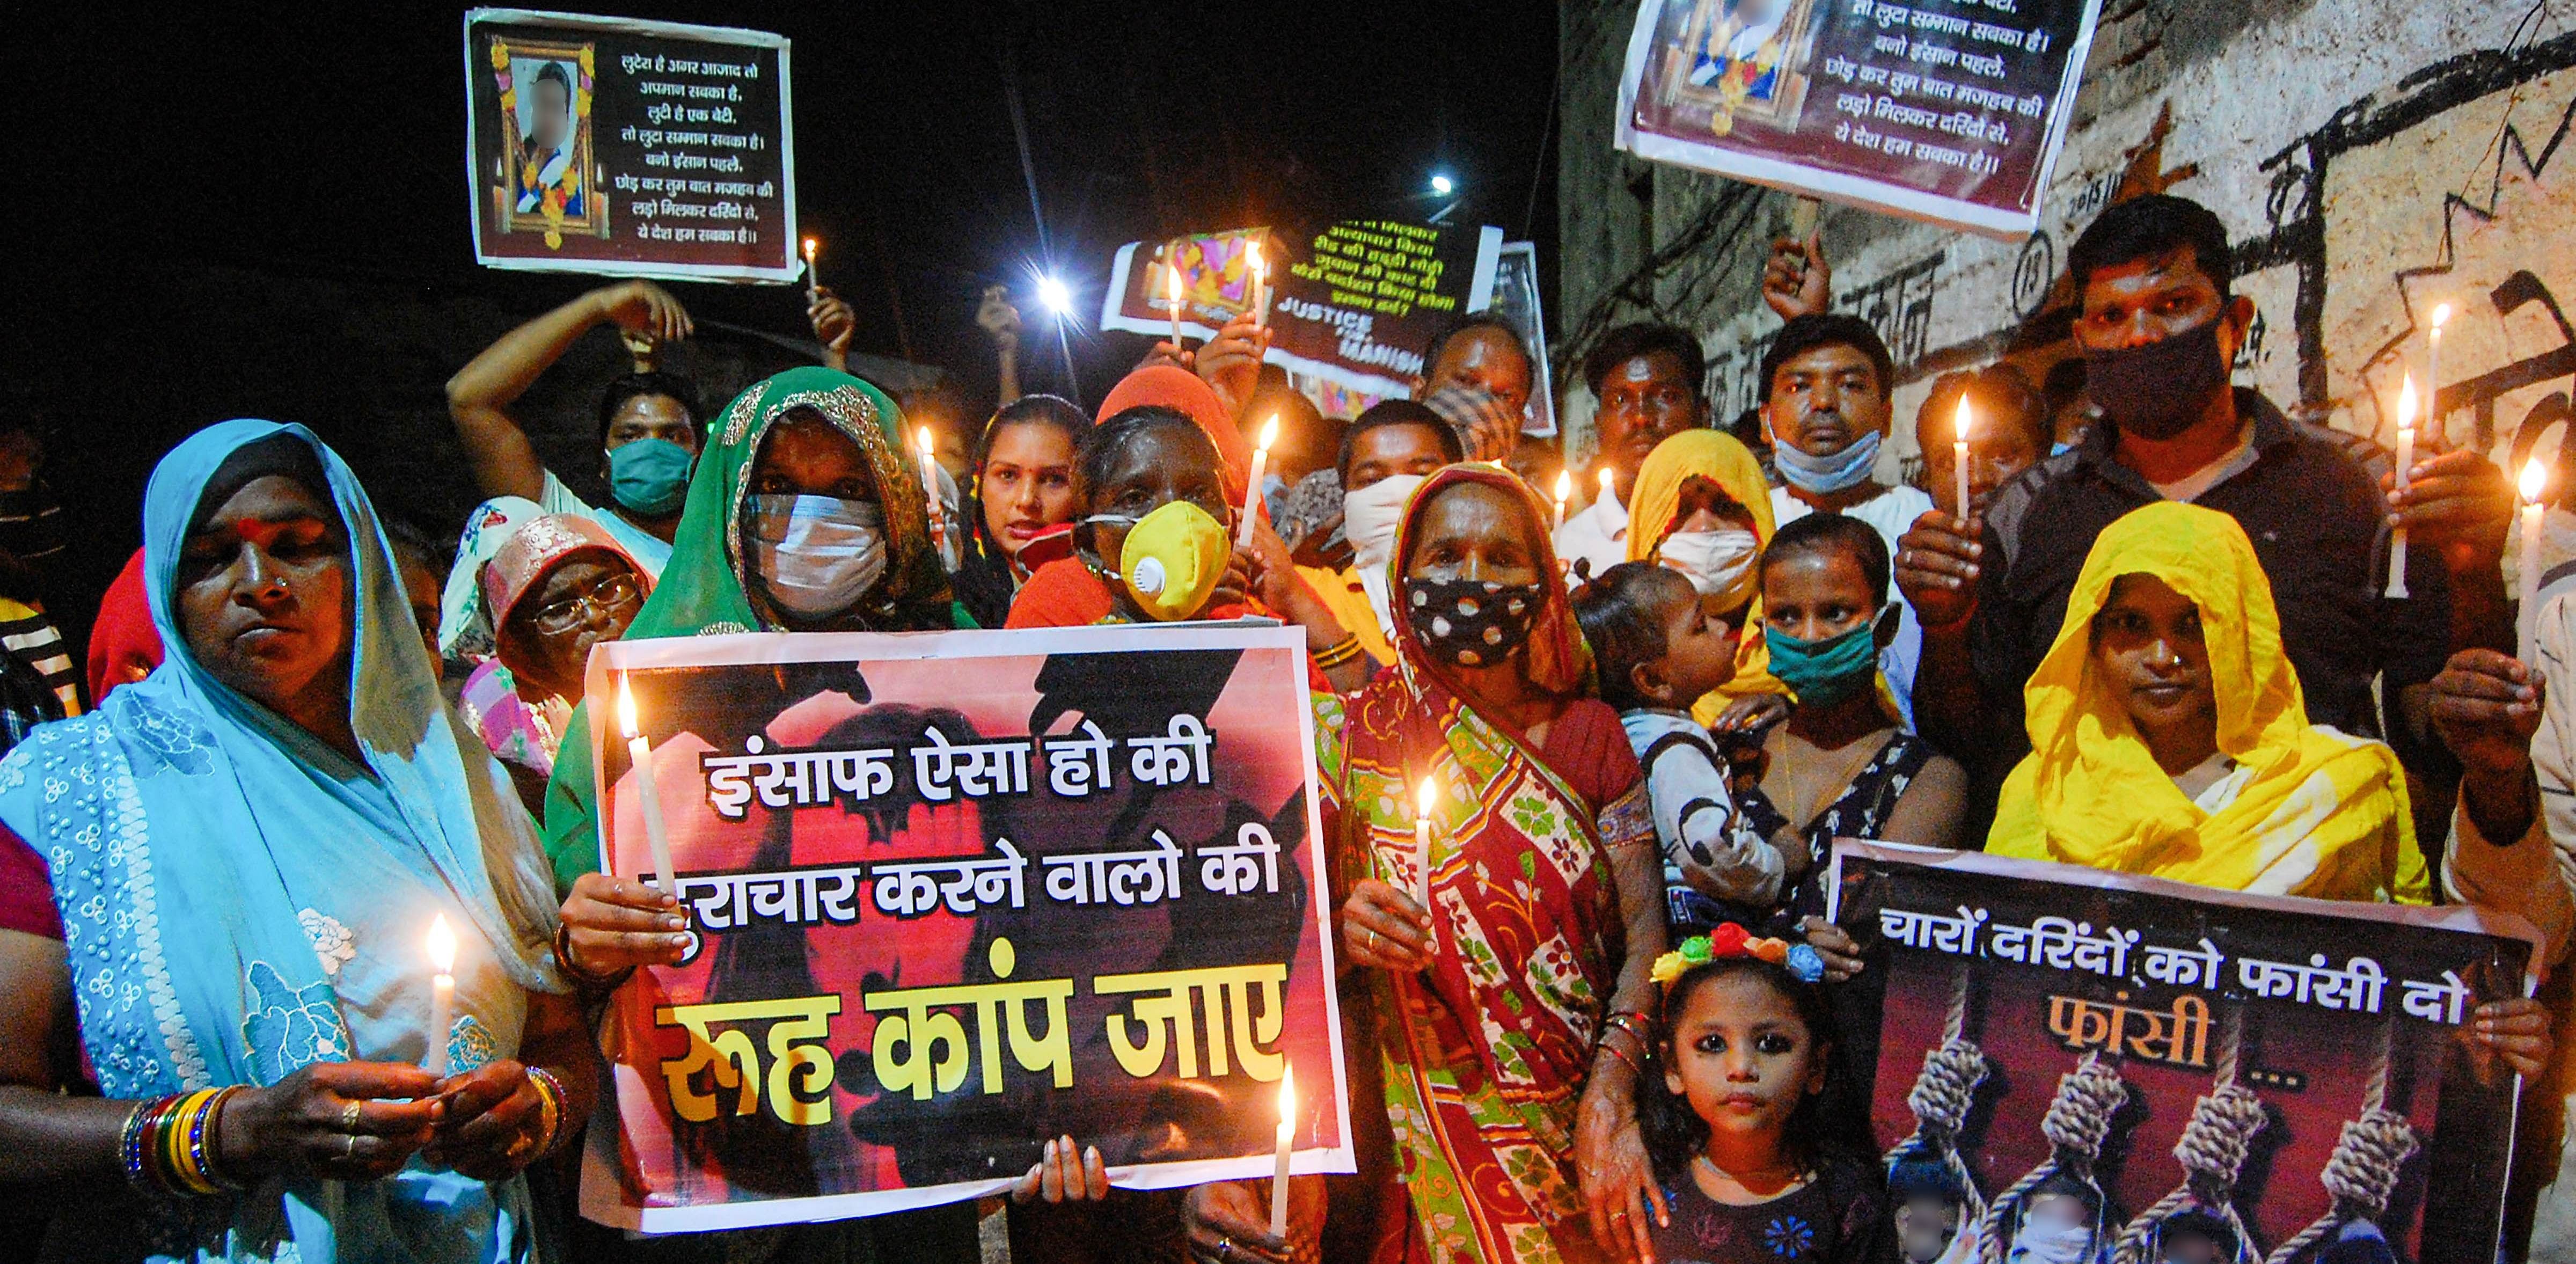 Members of Valmiki community during a protest against the death of a 19-year-old Dalit woman who was allegedly gang-raped in Hathras, in Kanpur. Credit: PTI
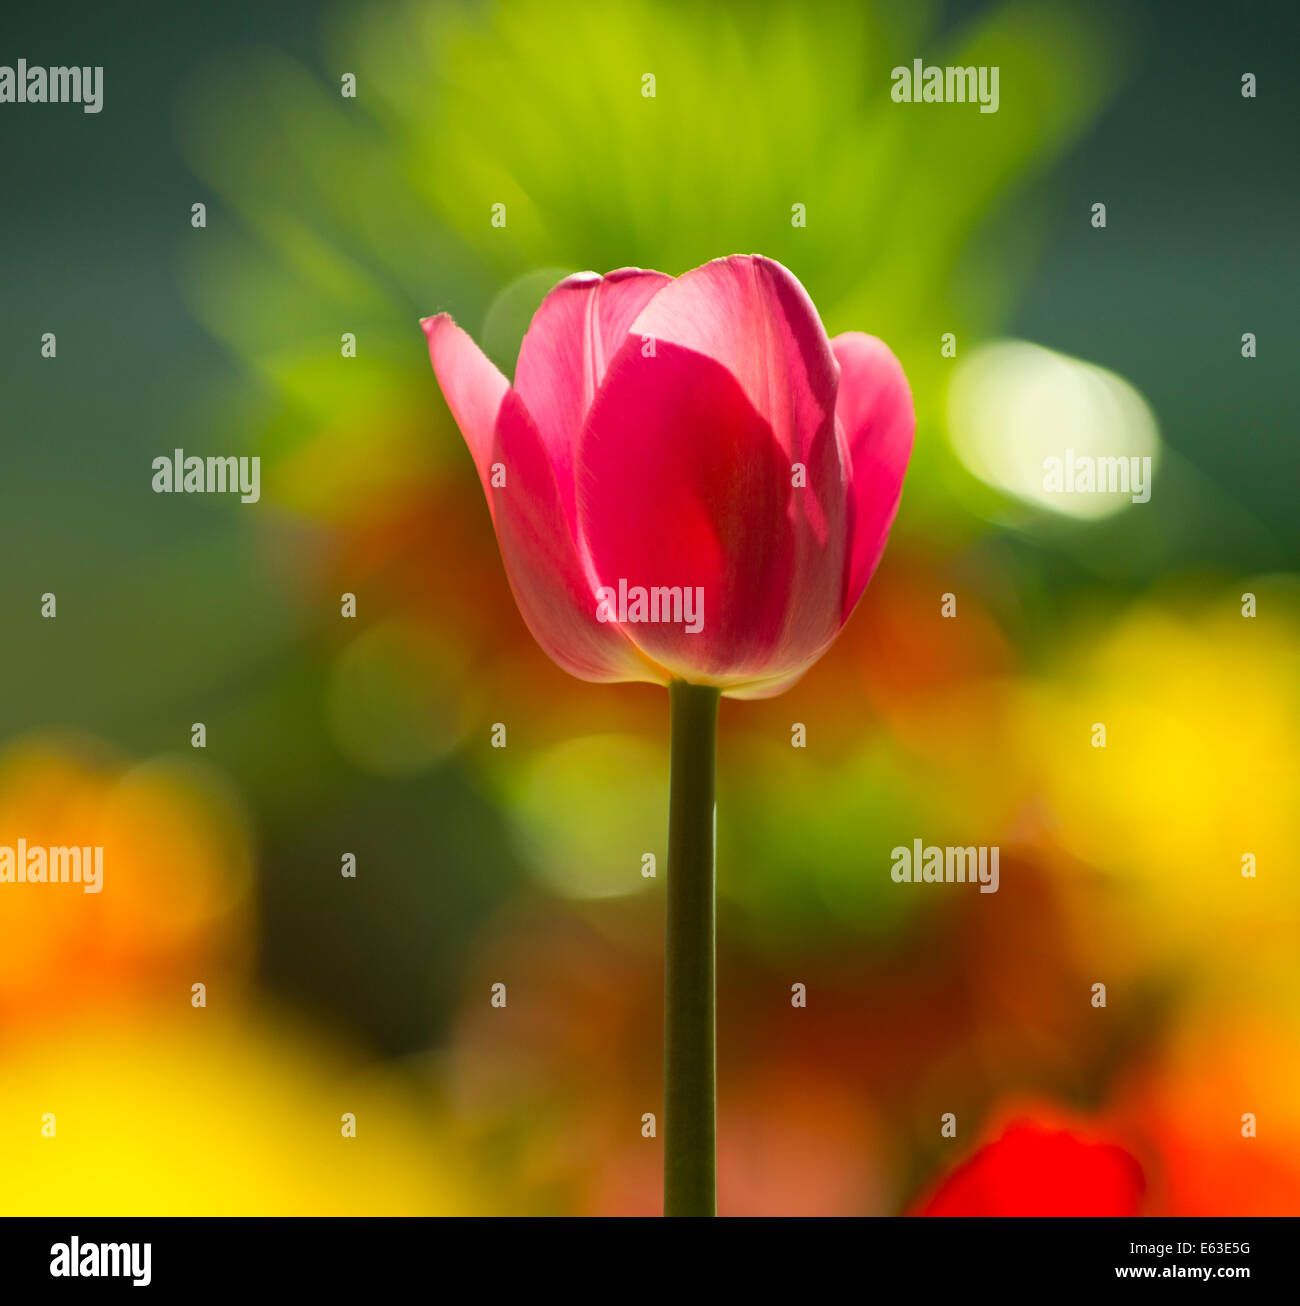 Flowers, Close-up of backlit Red Tulip with a blurred floral background. USA Stock Photo
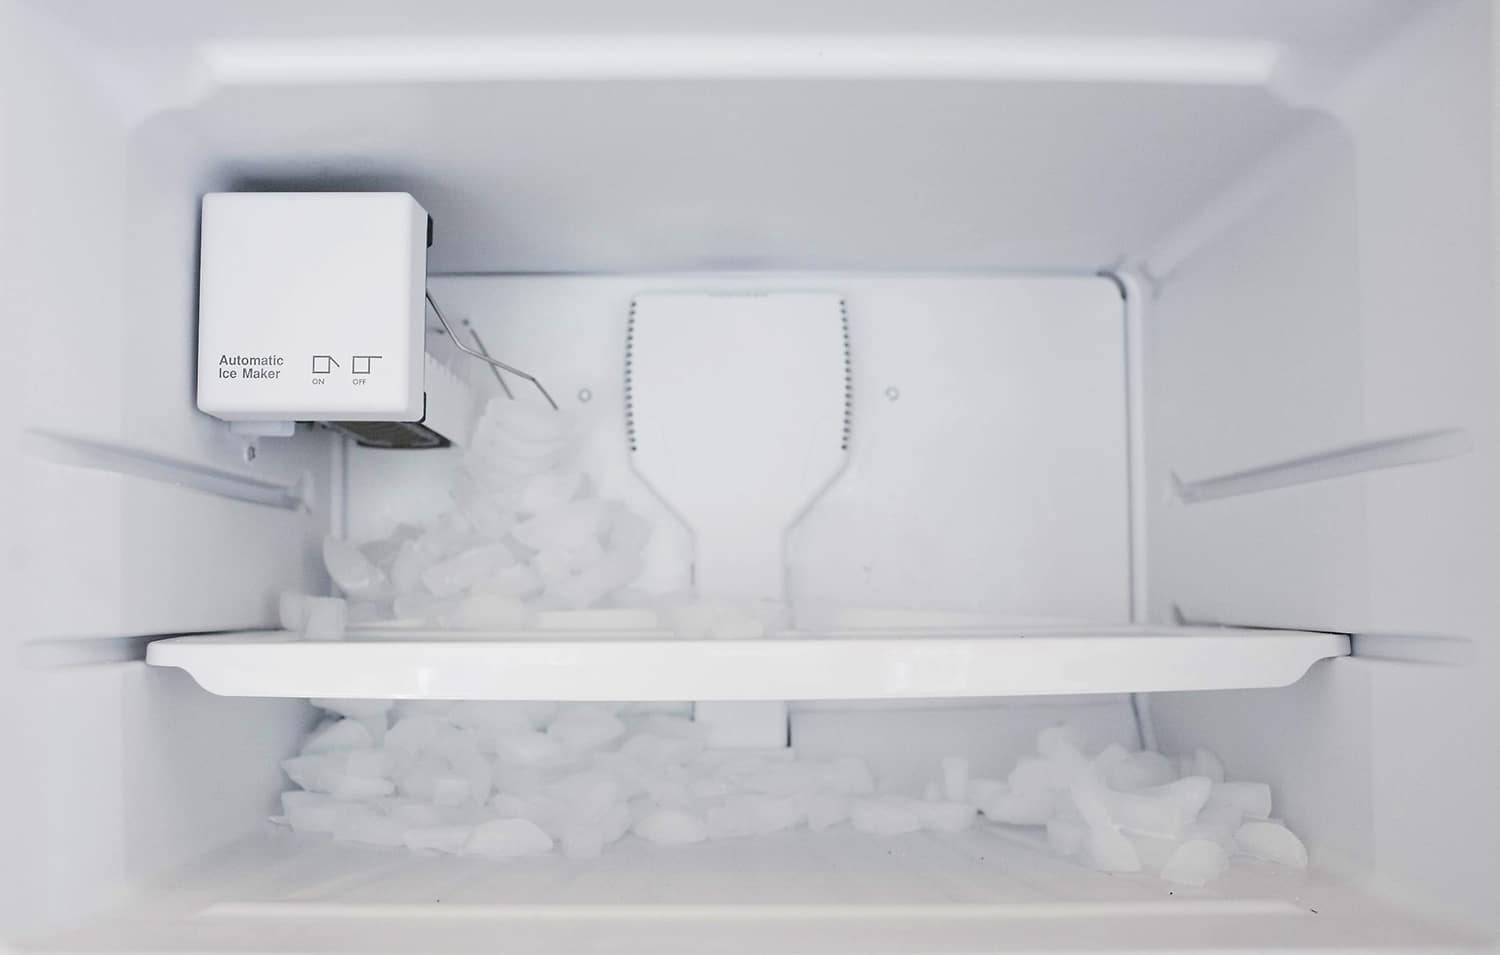 How Do I Reset My Ice Maker? General Tips and Instructions by Brands
☆ ☆ ☆ ☆
Exercise brief:
Your copy should hold only the lines from the one containing "Flowers, Close-up of" through the last line of the listing, both included, retyped exactly and free of pictures.

Response below:
 Flowers, Close-up of backlit Red Tulip with a blurred floral background. USA Stock Photo
 How Do I Reset My Ice Maker? General Tips and Instructions by Brands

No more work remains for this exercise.